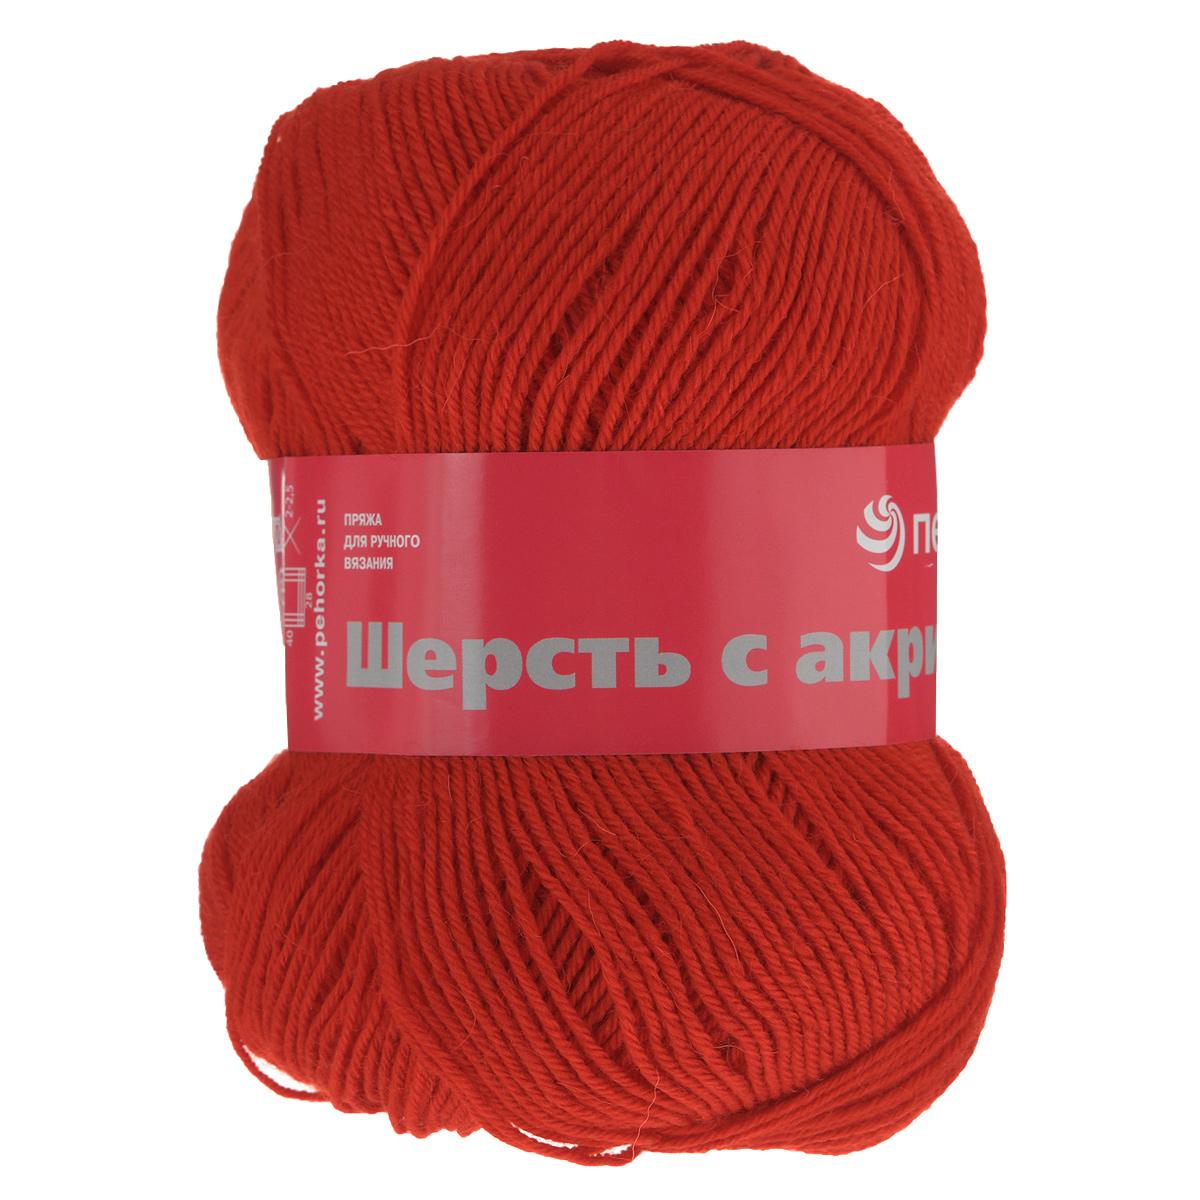 Пряжа для вязания Пехорка Шерсть с акрилом, цвет: красный (88), 300 м, 100 г, 10 шт360081_88_88 красныйПряжа для вязания Пехорка Шерсть с акрилом изготовлена из 50% шерсти и 50% акрила в четыре нити. Пряжа имеет интересное переплетение, стабильна в полотне, ложится красивой и эффектной фактурой. Гигиенична, гигроскопична, приятна для тела. Прекрасный вариант для вязания зимней одежды. Рекомендованы спицы №2 и №2,5. С такой пряжей для ручного вязания вы сможете связать своими руками необычные и красивые вещи. Комплектация: 10 мотков. Толщина нити: 2 мм. Состав: 50% шерсть, 50% акрил.
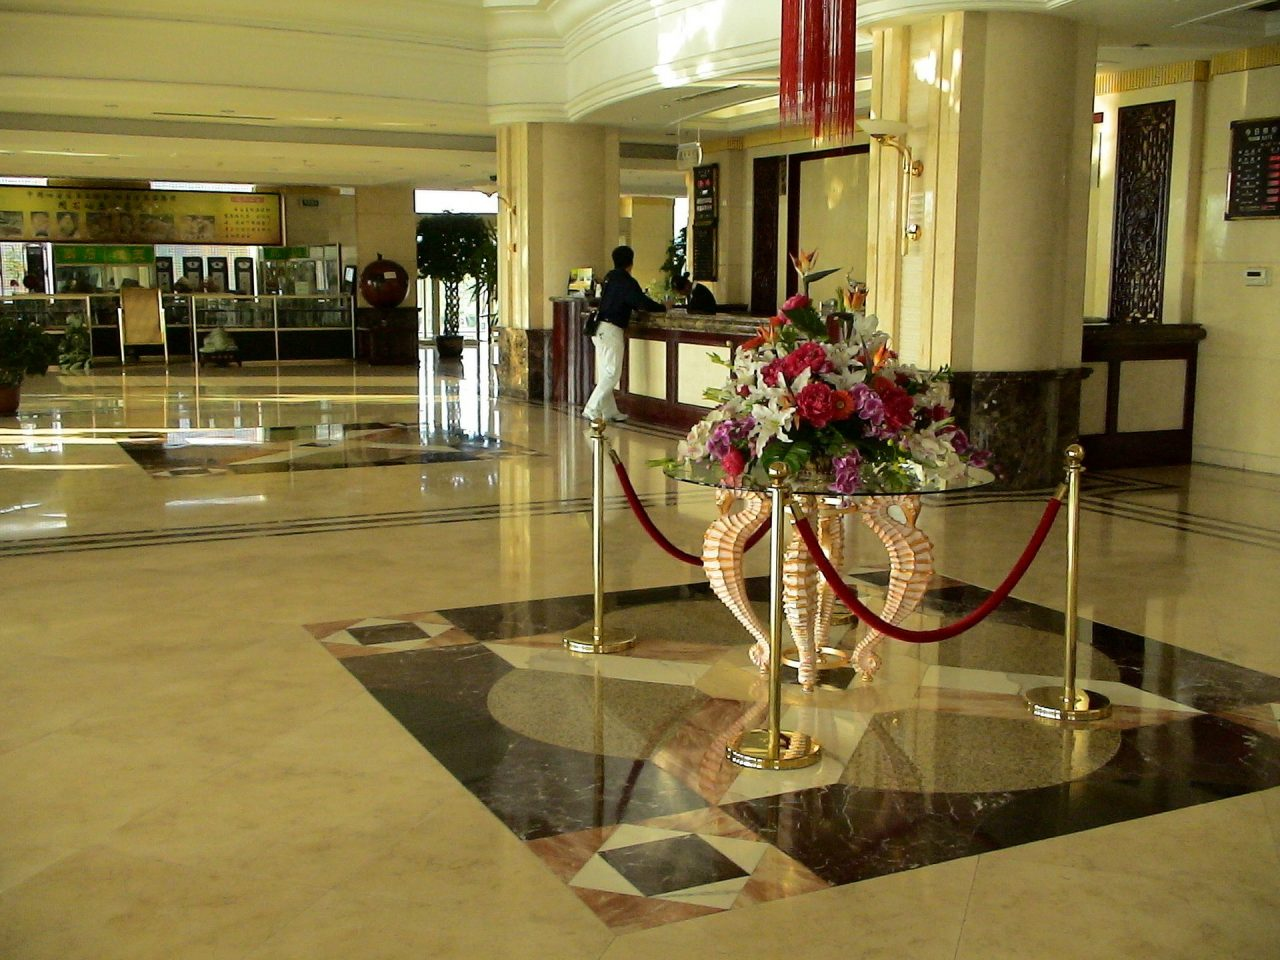 Η σύγχρονη ξενοδοχειακή τεχνολογία στην υπηρεσία των πελατών για εξατομικευμένη εμπειρία φιλοξενίας
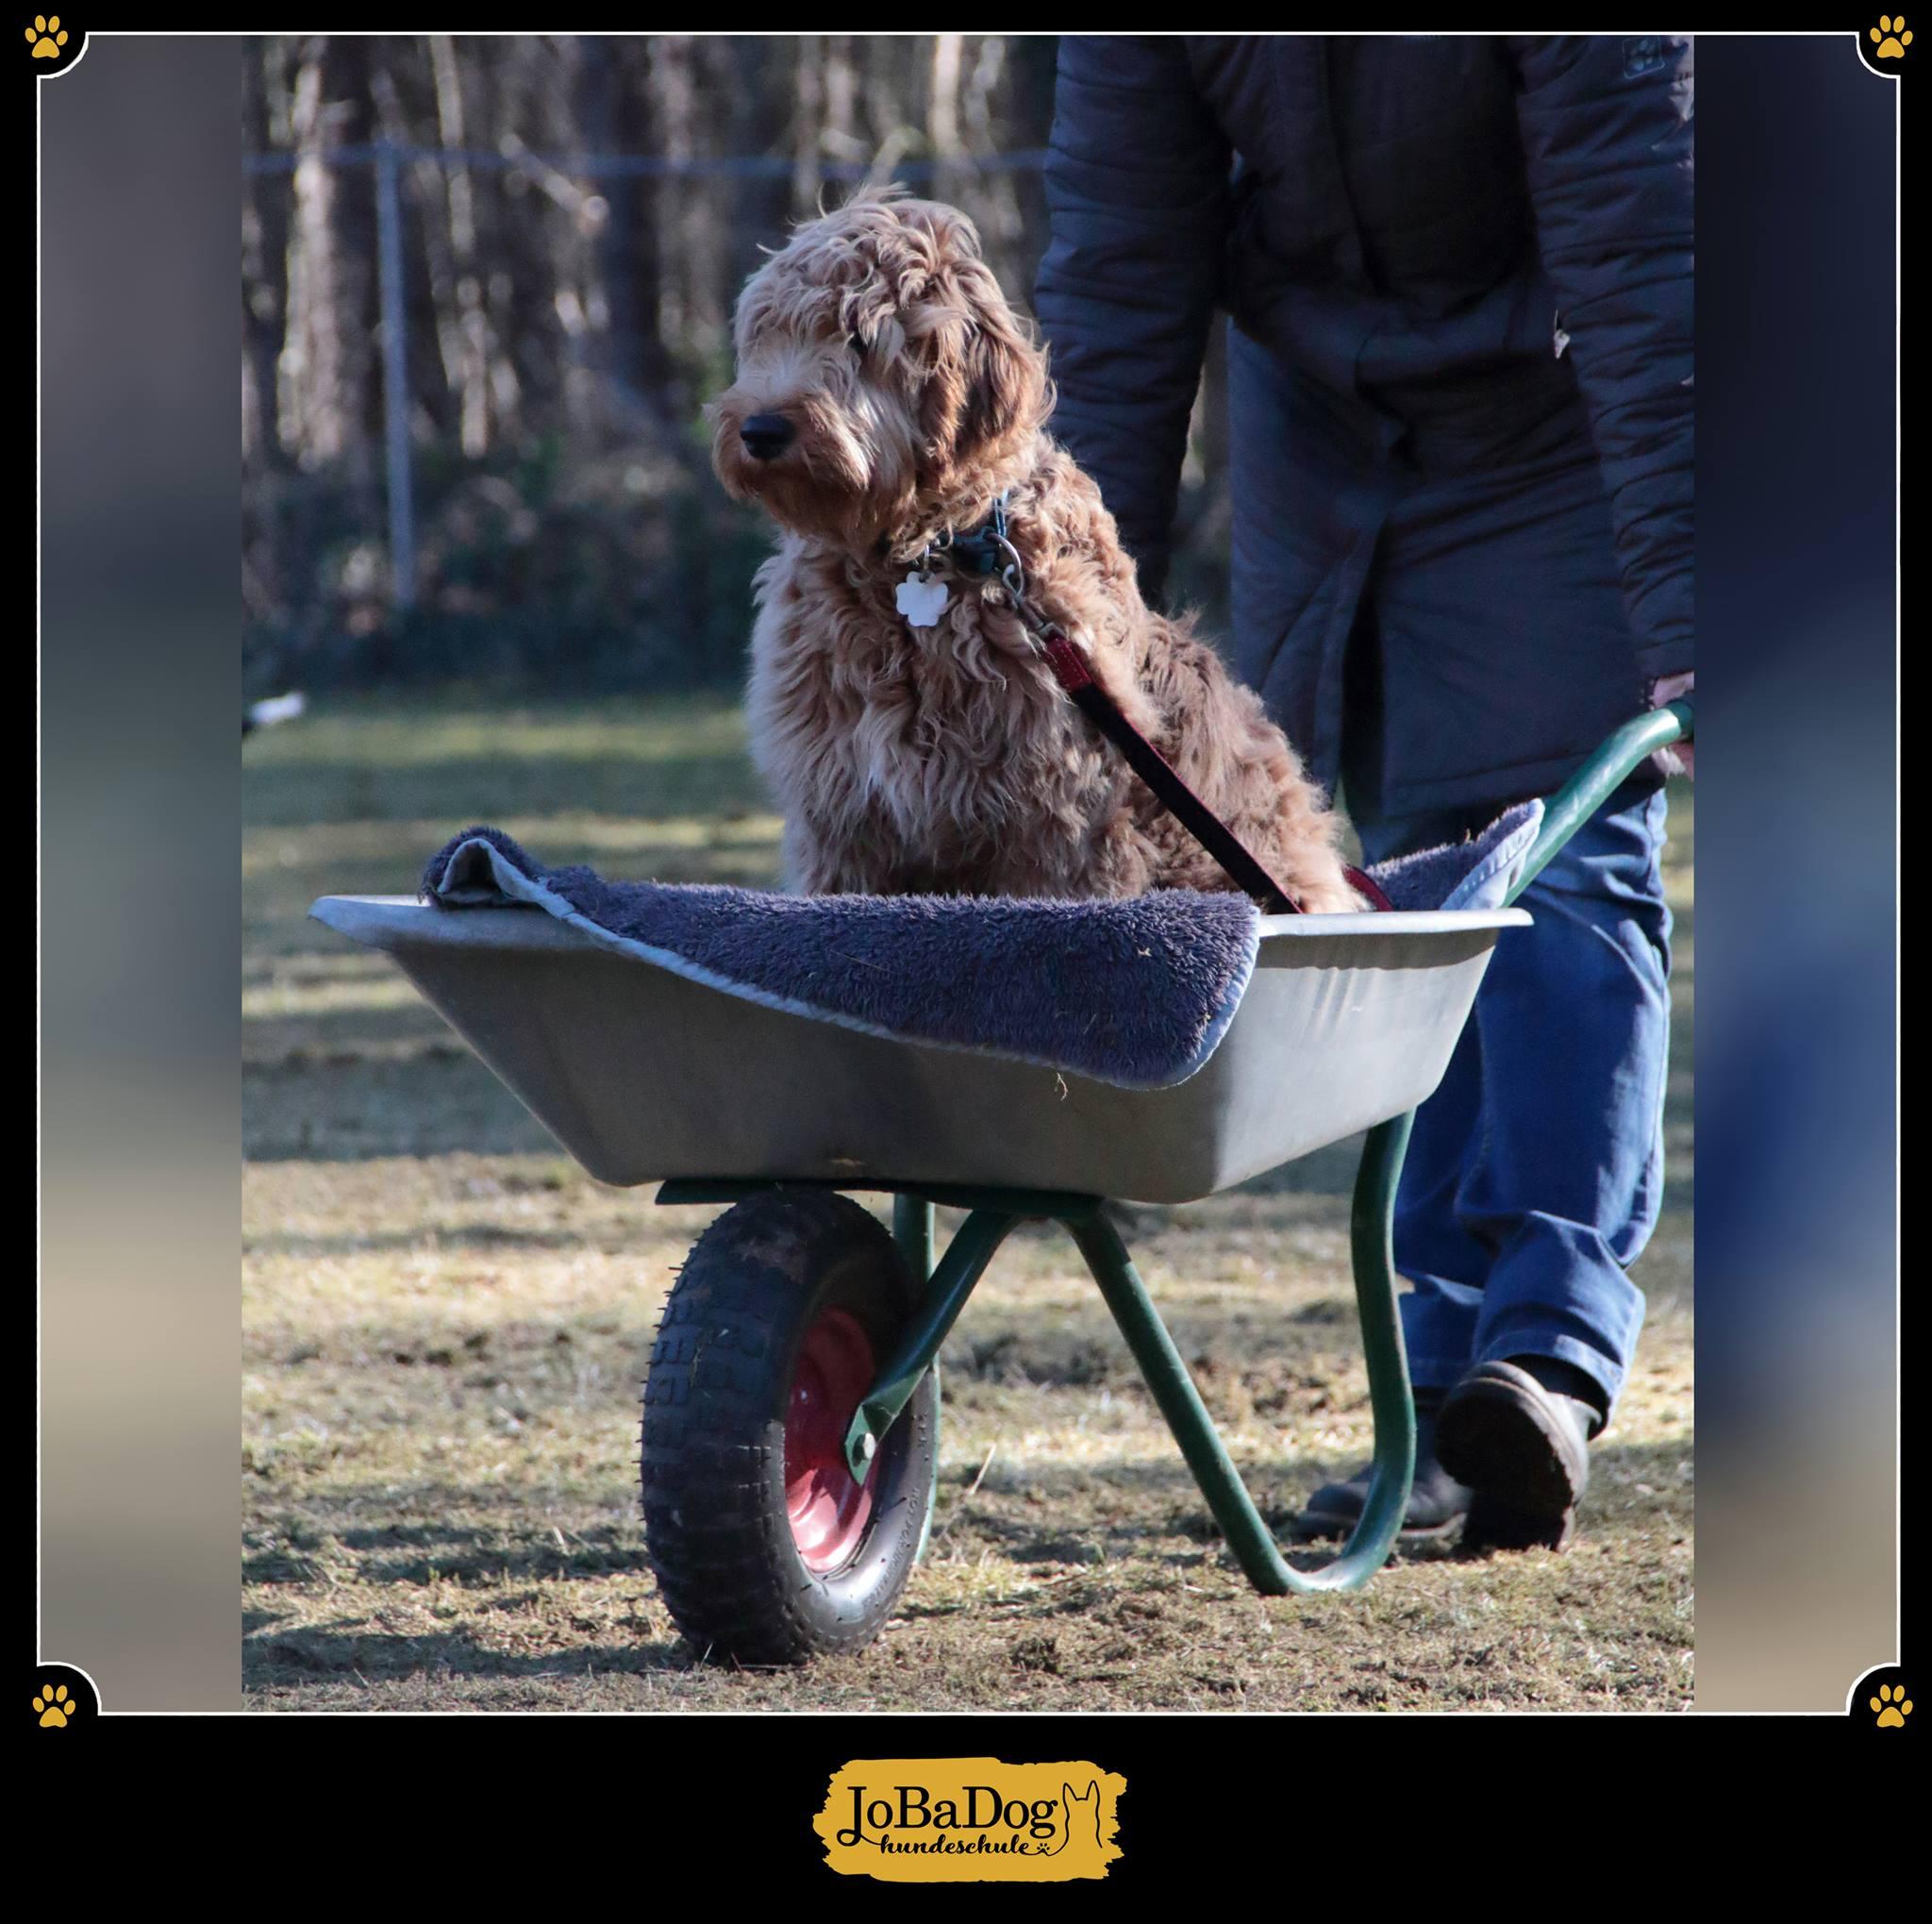 Den Hund in einer Schubkarre schieben:😄 - Ein lustiger Anblick, doch für den Hund gar nicht so einfach zu lernen. Denn wenn es wackelt, kracht und glatt ist, kann nur das Vertrauen in den Besitzer dem Hund zur Ruhe verhelfen. 💛Im Notfall kann dieser Trick helfen, denn manche Hunde kann man nach Operationen schlecht auf dem Arm tragen. 🐕So kann man mit einer lustigen Übung viel Kraft und Stress für den Hund sparen. 😊

Instructions to follow: From the top of the listing above, repeat each line exactly until you reach the line containing "Η σύγχρονη ξενοδοχειακή", and repeat that one too. Leave the pictures out.

Task response:
 Пряжа для вязания Пехорка Шерсть с акрилом, цвет: красный (88), 300 м, 100 г, 10 шт360081_88_88 красныйПряжа для вязания Пехорка Шерсть с акрилом изготовлена из 50% шерсти и 50% акрила в четыре нити. Пряжа имеет интересное переплетение, стабильна в полотне, ложится красивой и эффектной фактурой. Гигиенична, гигроскопична, приятна для тела. Прекрасный вариант для вязания зимней одежды. Рекомендованы спицы №2 и №2,5. С такой пряжей для ручного вязания вы сможете связать своими руками необычные и красивые вещи. Комплектация: 10 мотков. Толщина нити: 2 мм. Состав: 50% шерсть, 50% акрил.
 Η σύγχρονη ξενοδοχειακή τεχνολογία στην υπηρεσία των πελατών για εξατομικευμένη εμπειρία φιλοξενίας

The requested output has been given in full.